I think this post is very relevant to many bioinformaticians who are submitting to Genbank using tbl2asn
I've been following the guidelines here
I've successfully installed tbl2asn on my Mac and have been using through the terminal
The directions say to create 3 files: template.sbt
, table.tbl
, and fasta.fsa
My fasta format headers look like:
>TCONS_00001810 [organism=Mus musculus] [strain=C57BL/6J] [chromosome=1] olfactory receptor 1415 (Olfr1415) mRNA, complete cds
The corresponding data in the table file looks like:
>Feature TCONS_00001810
1 3422 mRNA
1 186 5'UTR
187 1122 CDS
1123 3422 3'UTR
1 176 exon
177 2079 exon
The template file isn't a text file so I can't provide an example . . .
In terminal, I've opened up tbl2asn and I know it's working because when I do the command:
tbl2asn -
it gives me all of the different commands that I can use.
When I run this command, it works and creates a file in my directory with the template.sbt
, table.tbl
, and fasta.fsa
called errorsummary.val
. However, this file is empty (zero bytes). It should create a .sqn
file which combines the 3 preliminary files i've described earlier.
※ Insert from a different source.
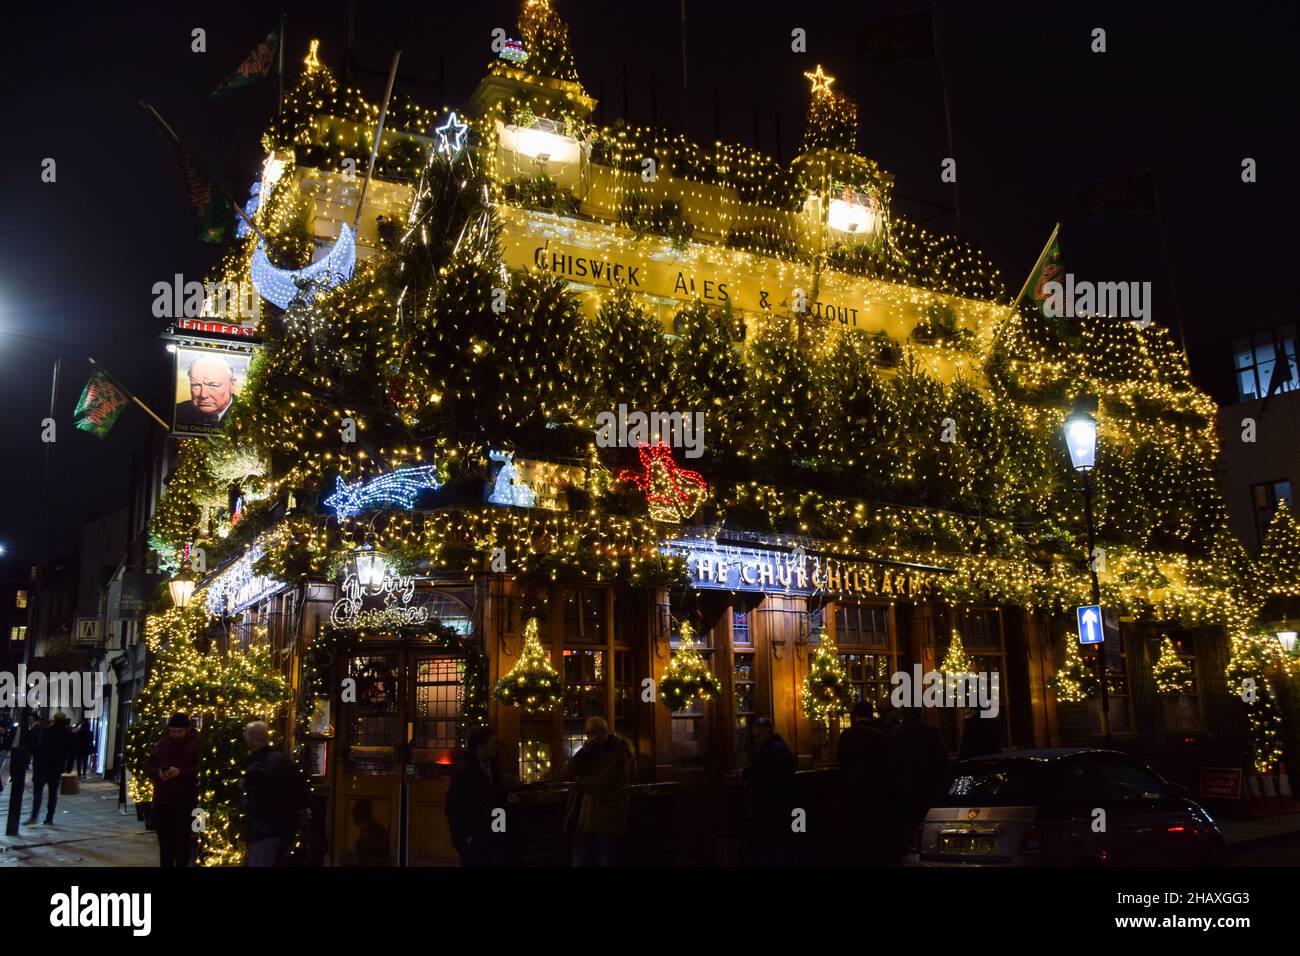 Thousands of Christmas ornaments adorn bar

tbl2asn -t template.sbt -p . -j "[organism=Mus musculus] [strain=C57BL:6J]" -V vb -a s
The documentation explains -t
, -p
, -j
, -V
, and -a
-p
specifies the path for the table and sequence files [required]
-t
specifies the template file (including the path) [required]
-j
allows the addition of source qualifiers that will be the same for each submission
Example:-j "[organism=Saccharomyces cerevisiae] [strain=S288C]"
-V
is a verification command when used in conjunction with v (strongly suggested), which will tell the computer to run a validation step to insure that there are no errors in your submission.This validation step will generate a report (with suffix .val) for each .fsa file and place it in the same directory that houses the data files and tables used in the submission.
If you add a b command (optional) following the v command, the computer will generate a GenBank flat file (.gbf) of your submission and deposit it in the same directory that houses the data files and tables used in the submission. Note that .gbf files are not suitable for submission. They are only to view the file in GenBank flatfile format. The
-a
command used in conjunction with the s command instructs tbl2asn to read multiple FASTA components in one file as a set of unrelated sequences. This creates a single file of multiple submissions.
Why does the program run, not give any errors, create the errorsummary.val and not create the .sqn file?
How can I get this to work? I feel like I'm very close.
I've already established a working directory which is where all of those files are located.
I've tried to put the directory location after -p, taking out the -j and modifiers, and [optional] commands. Still can't get it to work.
Please help. This should be useful for anyone submitting multiple sequences at a time to Genbank
What are the contents of the errorsummary.val file? is it empty or does it give any information about what's going on
its completely empty . do you have any idea how to submit this to Genbank? What other reasons could there be for why it isn't working .
hello,
I am trying to prepare files for a TSA submission. I prepared the .fsa and .sbt files. I was wondering if you know how to prepare the .tbl file that contains the annotation?
Thanks in advance
Federico
Also, I'm too getting an empty .val file
Did you ever resolve this issue? I'm having the same problem with a whole genome dataset, and I can't figure out what's going wrong.